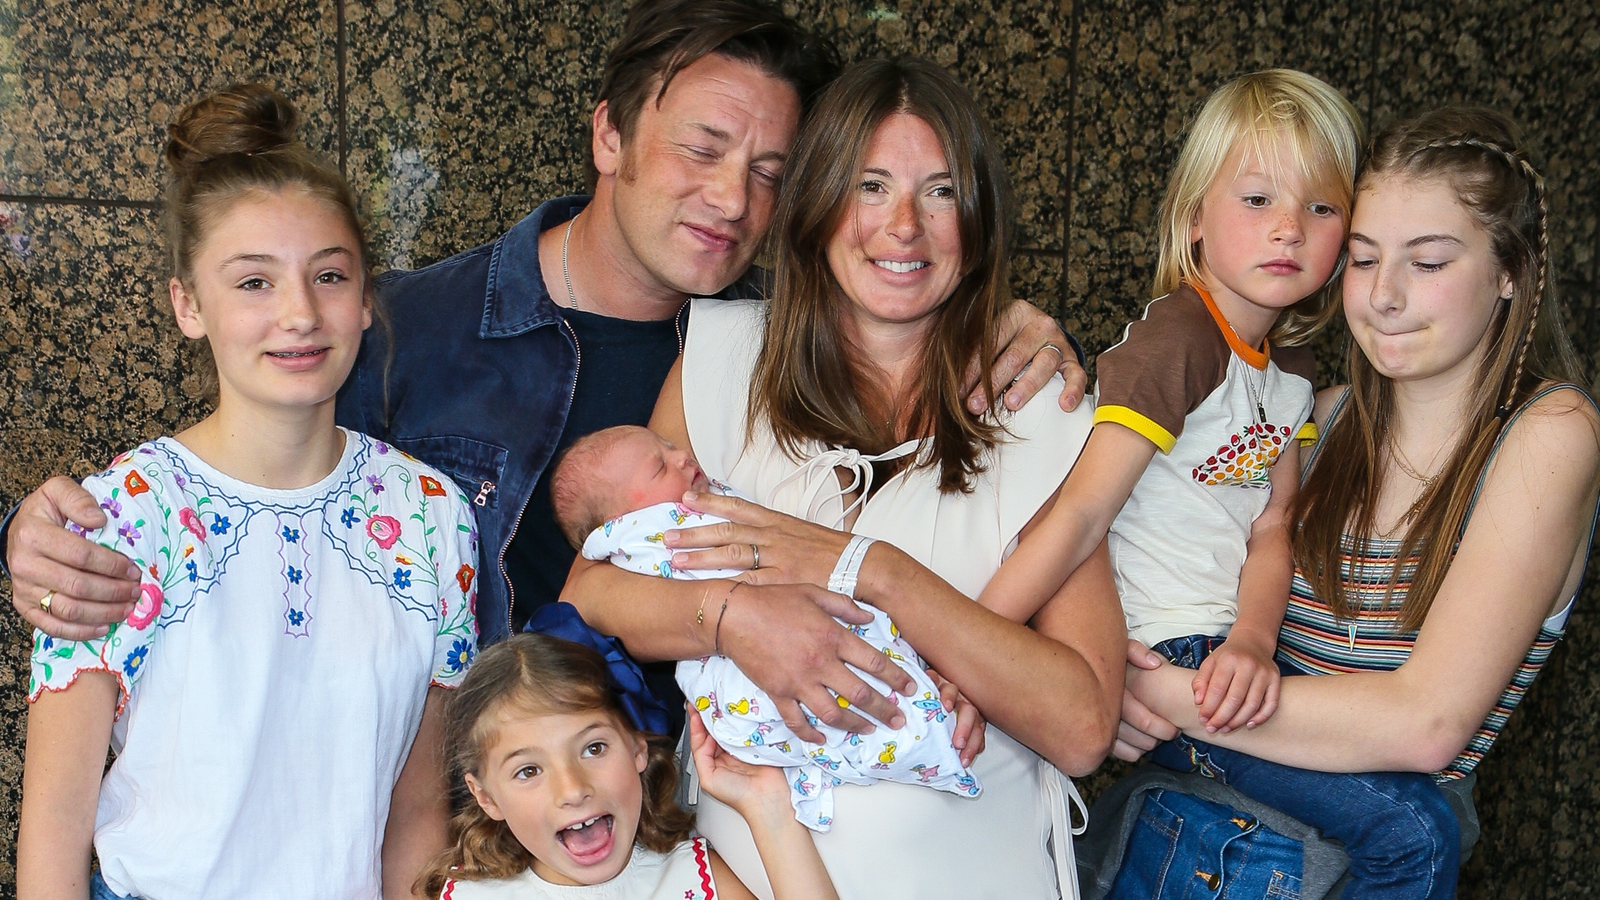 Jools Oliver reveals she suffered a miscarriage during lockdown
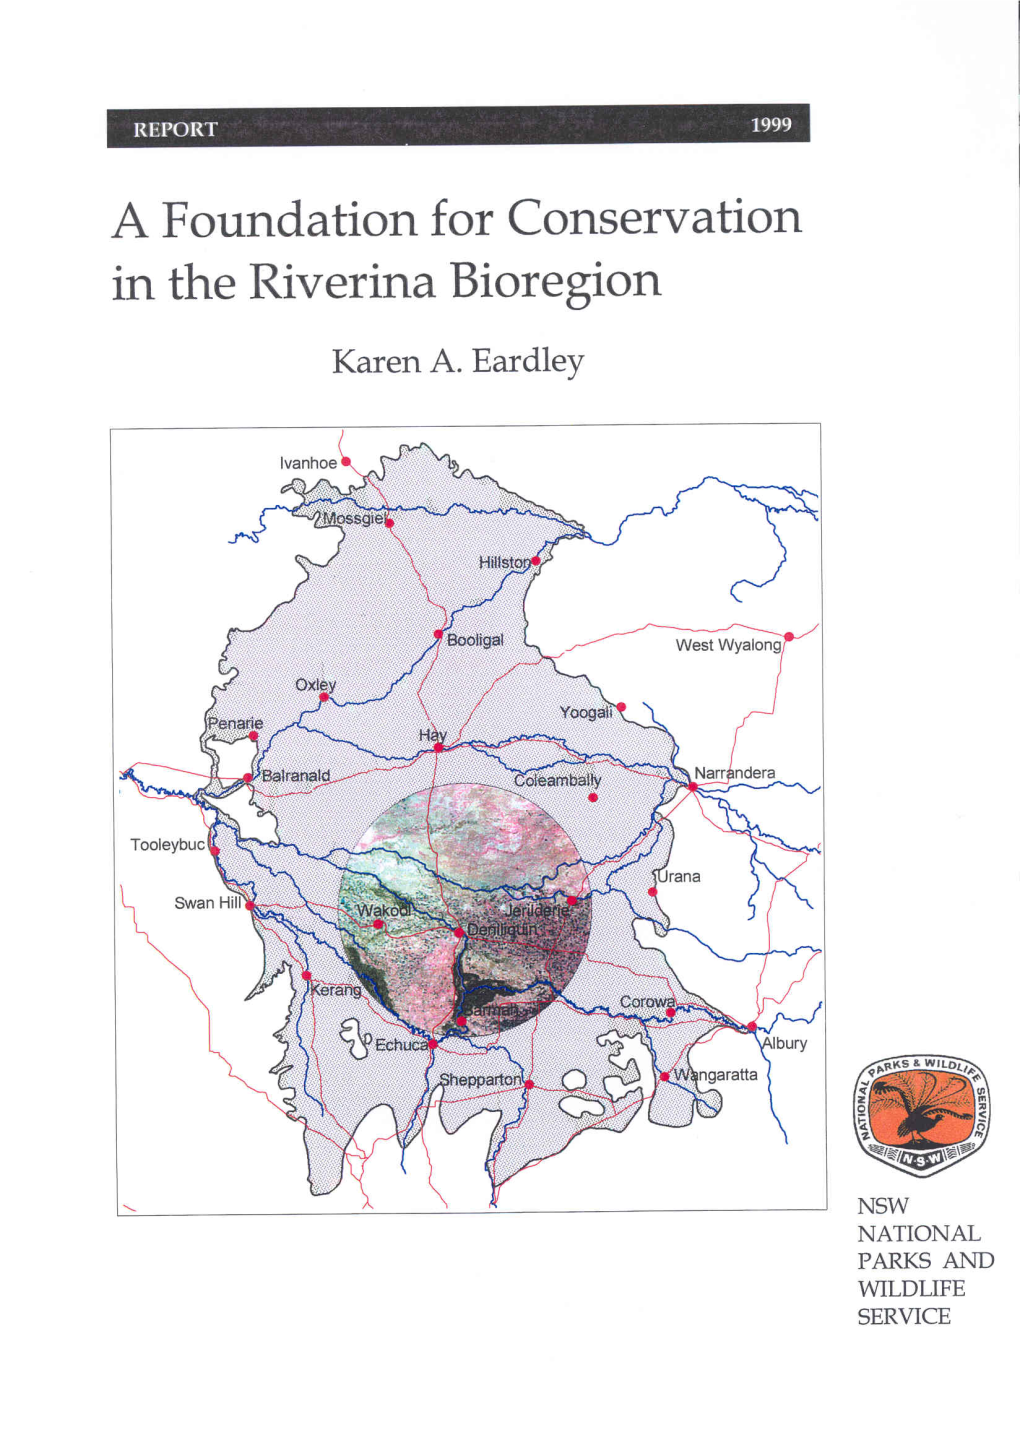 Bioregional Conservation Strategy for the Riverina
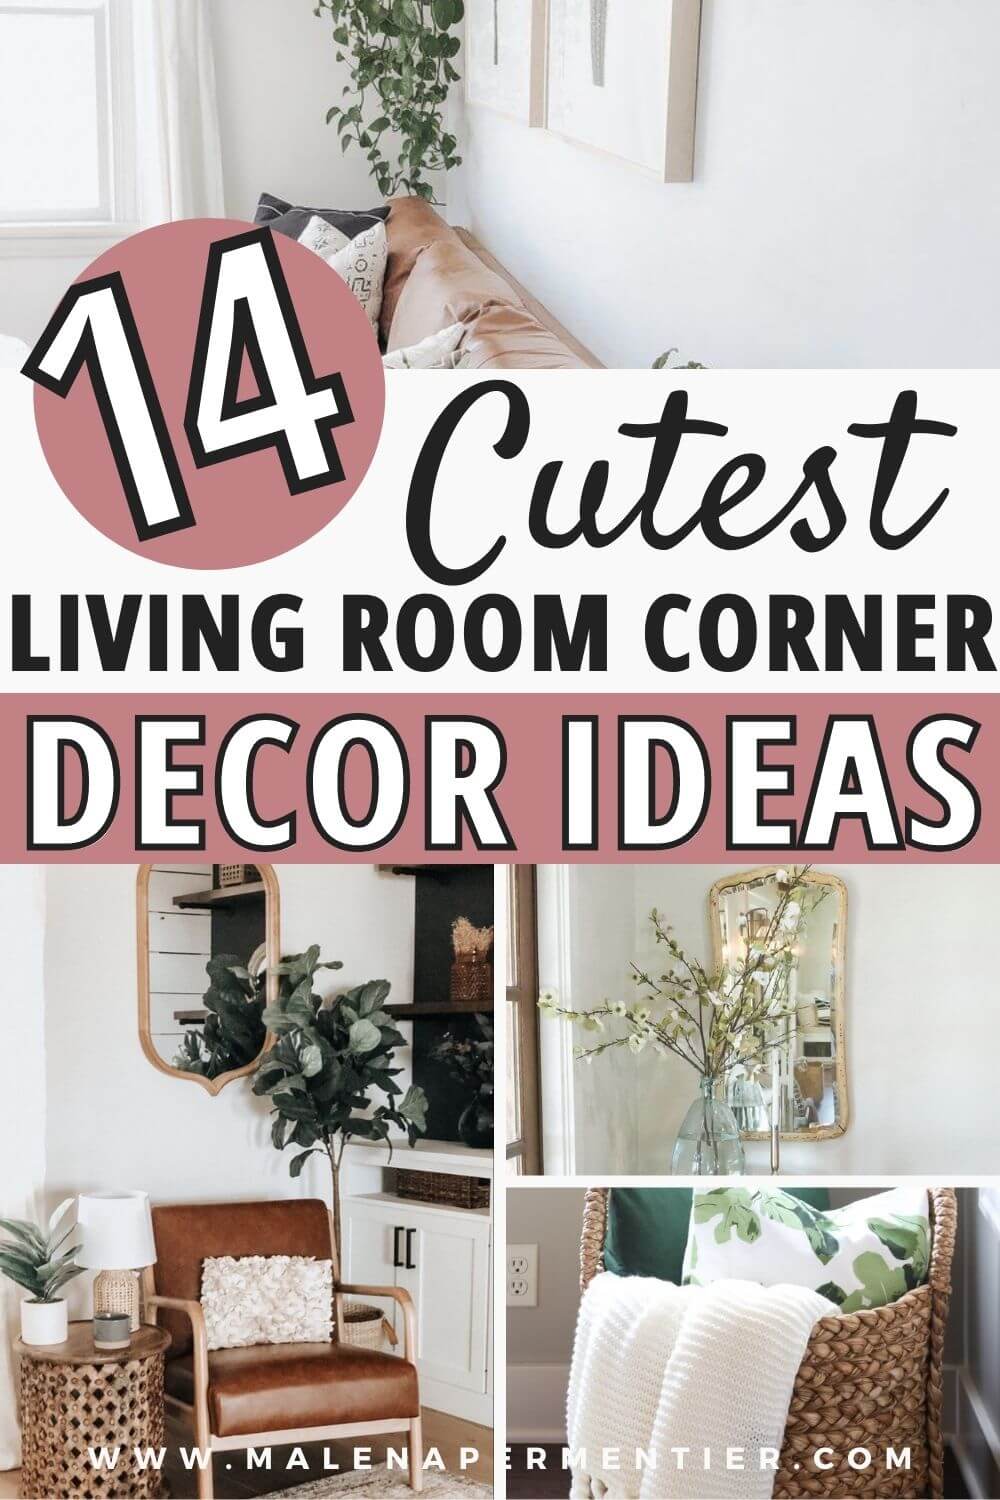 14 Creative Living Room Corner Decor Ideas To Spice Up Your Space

◆ Work request
Give the data above again, exactly, with every picture removed.

◆ Finished task
 Jools Oliver reveals she suffered a miscarriage during lockdown
 Bioregional Conservation Strategy for the Riverina
 14 Creative Living Room Corner Decor Ideas To Spice Up Your Space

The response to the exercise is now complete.